Hi everyone,
See if someone could give me a hand. My scenario is similar to this:
Table 1
ID | ID2 | Whatever rest columns... |
1 | AA | ... |
2 | FC | ... |
3 | OM | ... |
1 | BB | ... |
1 | MQ | ... |
Table 2
ID | ID2 | Whatever rest columns... |
1 | AA, BB | ... |
2 | FC | ... |
3 | OM | ... |
4 | BB | ... |
5 | MQ | ... |
You see that I have two identifiers. The first table we could say is a collection of logs, while the second one is the most updated inventory. What I would like to do is perform an 'inner join' so I only get the rows from Table 1 whose ID1 and ID2 exists in Table 2. Resulting in this:
ID | ID2 | Whatever rest columns... |
1 | AA | ... |
2 | FC | ... |
3 | OM | ... |
1 | BB | ... |
The row with ID 1 and ID2 MQ will be removed.
Thanks for your help 😄
Hi @designer46,
I usualy try to do everything in Splunk because it's easier!
Anyway, if you have more than 50,000 results in table2, you cannot use solution 3 but solution 4 adding a row that I forgot in my last message:
index=index_table1 OR index=index_table2
| stats dc(index) AS dc_index values(index) AS index values(other_fields1) AS other_fields1 values(other_fields2) AS other_fields2 BY ID ID2
| where dc_index=1 AND index=index_table1
| table ID ID2 other_fields1
Sorry!
Ciao.
Giuseppe
Hi @designer46,
at first: Splunk has inner join but it's better to avoid this command because it's very slow!
Splunk isn't a DB!
There are three conditions to know:
if the table2 is a static table, you could use a lookup otherwise you have to use a search
1) if you have a static table and you don't want fields from table2:
index=index_table1 [ | inputlookup lookup_table2 | fields ID ID2 ]

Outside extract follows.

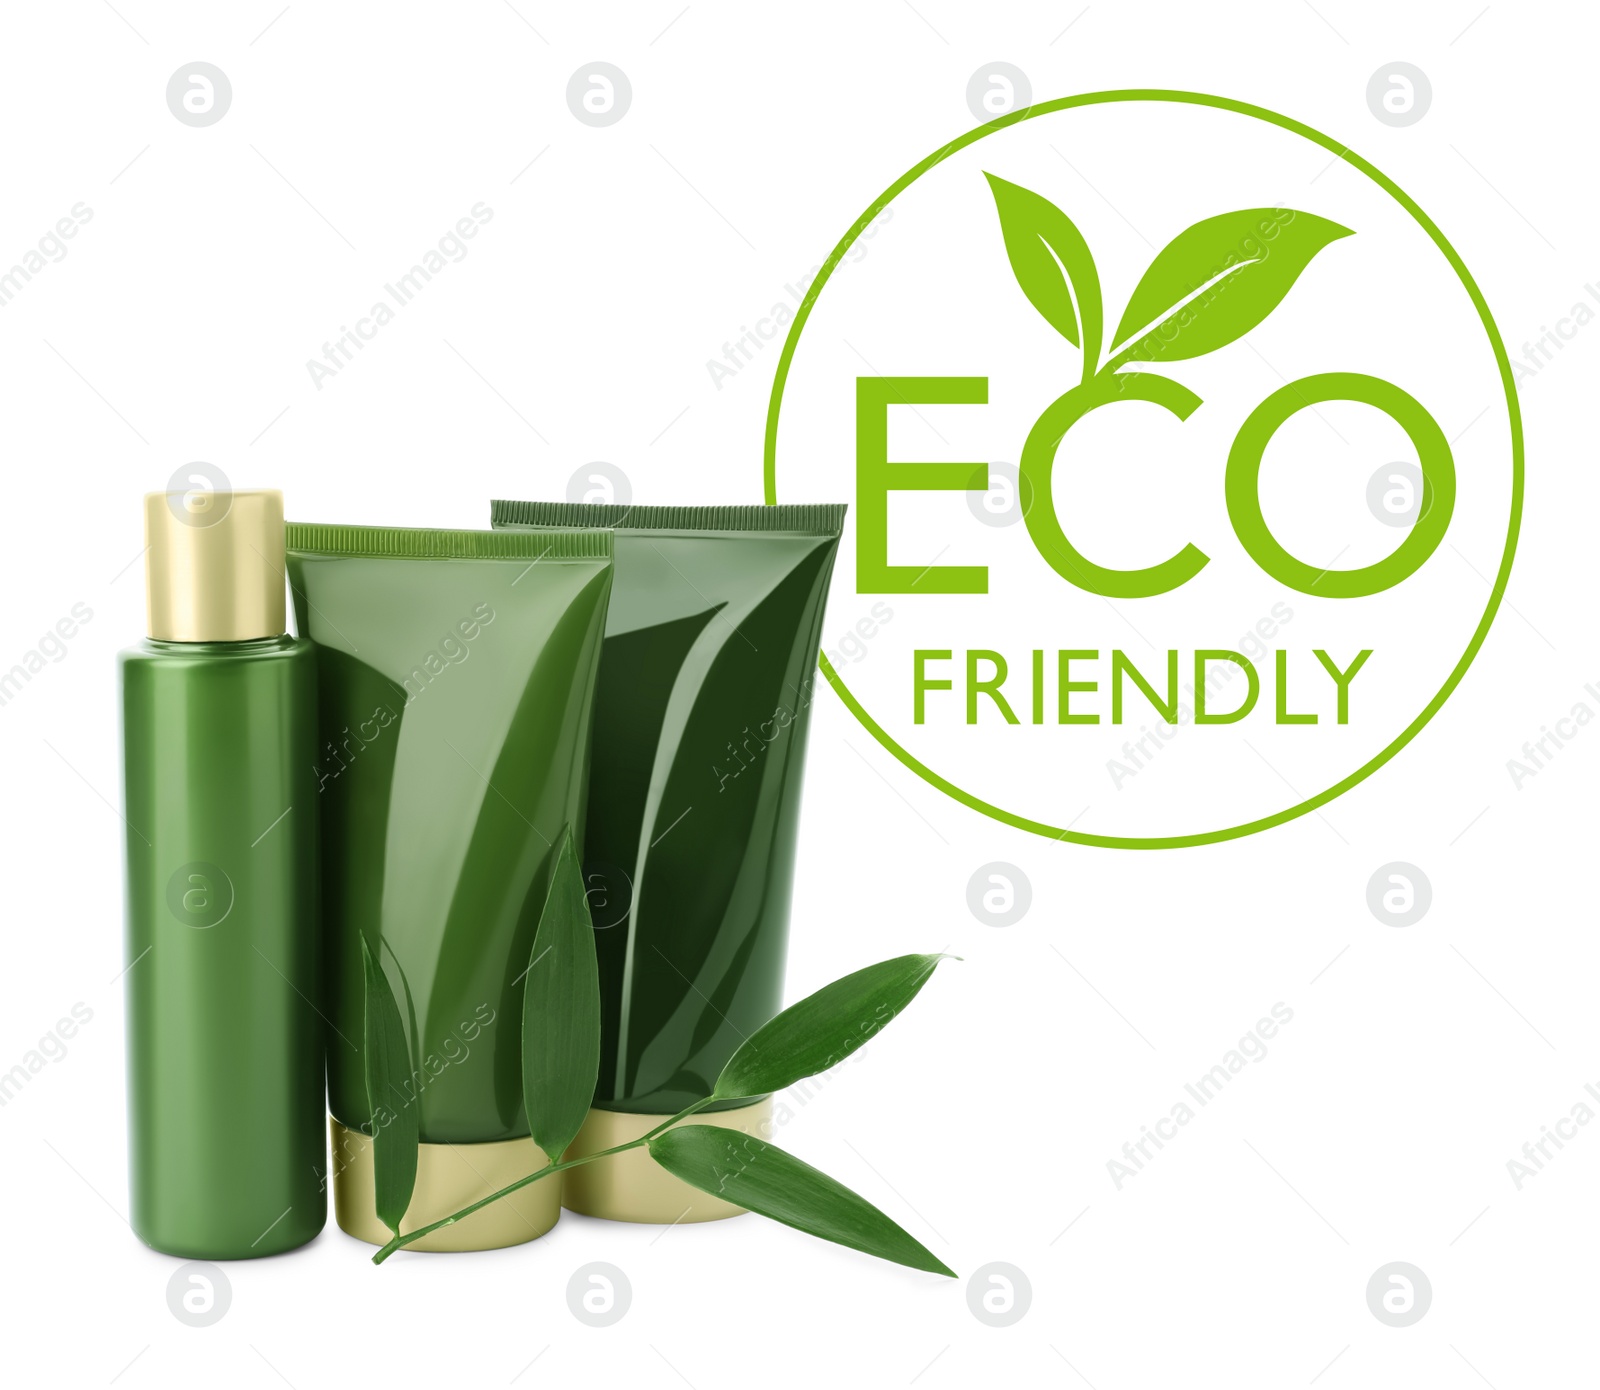 Image of Organic eco friendly cosmetic products on white background

| table ID ID2 other_fields1
2) if you have a static table and you need fields from table2:
index=index_table1
| lookup lookup_table2 ID ID2 OUTPUT other_fields2
| search other_fields2=*
| table ID ID2 other_fields1 other_fields2
3) if you have a dinamic table (events) and don't want fields from table2:
index=index_table1 [ search index=index_table2 | fields ID ID2 ]
| table ID ID2 other_fields1
4) if you have a dinamic table (events) and want fields from table2:
index=index_table1 OR index=index_table2
| stats dc(index) AS dc_index values(index) AS index values(other_fields1) AS other_fields1 values(other_fields2) AS other_fields2 BY ID ID2
| table ID ID2 other_fields1 other_fields2
If you have more than 50,000 rows in table2 there's a problem because you cannot use lookups and subsearches.
Ciao.
Giuseppe
Thank you Giuseppe,
My particular case would be the third one. Table 2 is a dynamic table (events) and I don't need any fields from Table 2. However, I do have more than 50.000 records.
I am pretty much new to Splunk. Would you say that it's better that I perform this kind of operations outside of Splunk? Using other tools more appropriate?
Thank you once again.
Hi @designer46,
I usualy try to do everything in Splunk because it's easier!
Anyway, if you have more than 50,000 results in table2, you cannot use solution 3 but solution 4 adding a row that I forgot in my last message:
index=index_table1 OR index=index_table2
| stats dc(index) AS dc_index values(index) AS index values(other_fields1) AS other_fields1 values(other_fields2) AS other_fields2 BY ID ID2
| where dc_index=1 AND index=index_table1
| table ID ID2 other_fields1
Sorry!
Ciao.
Giuseppe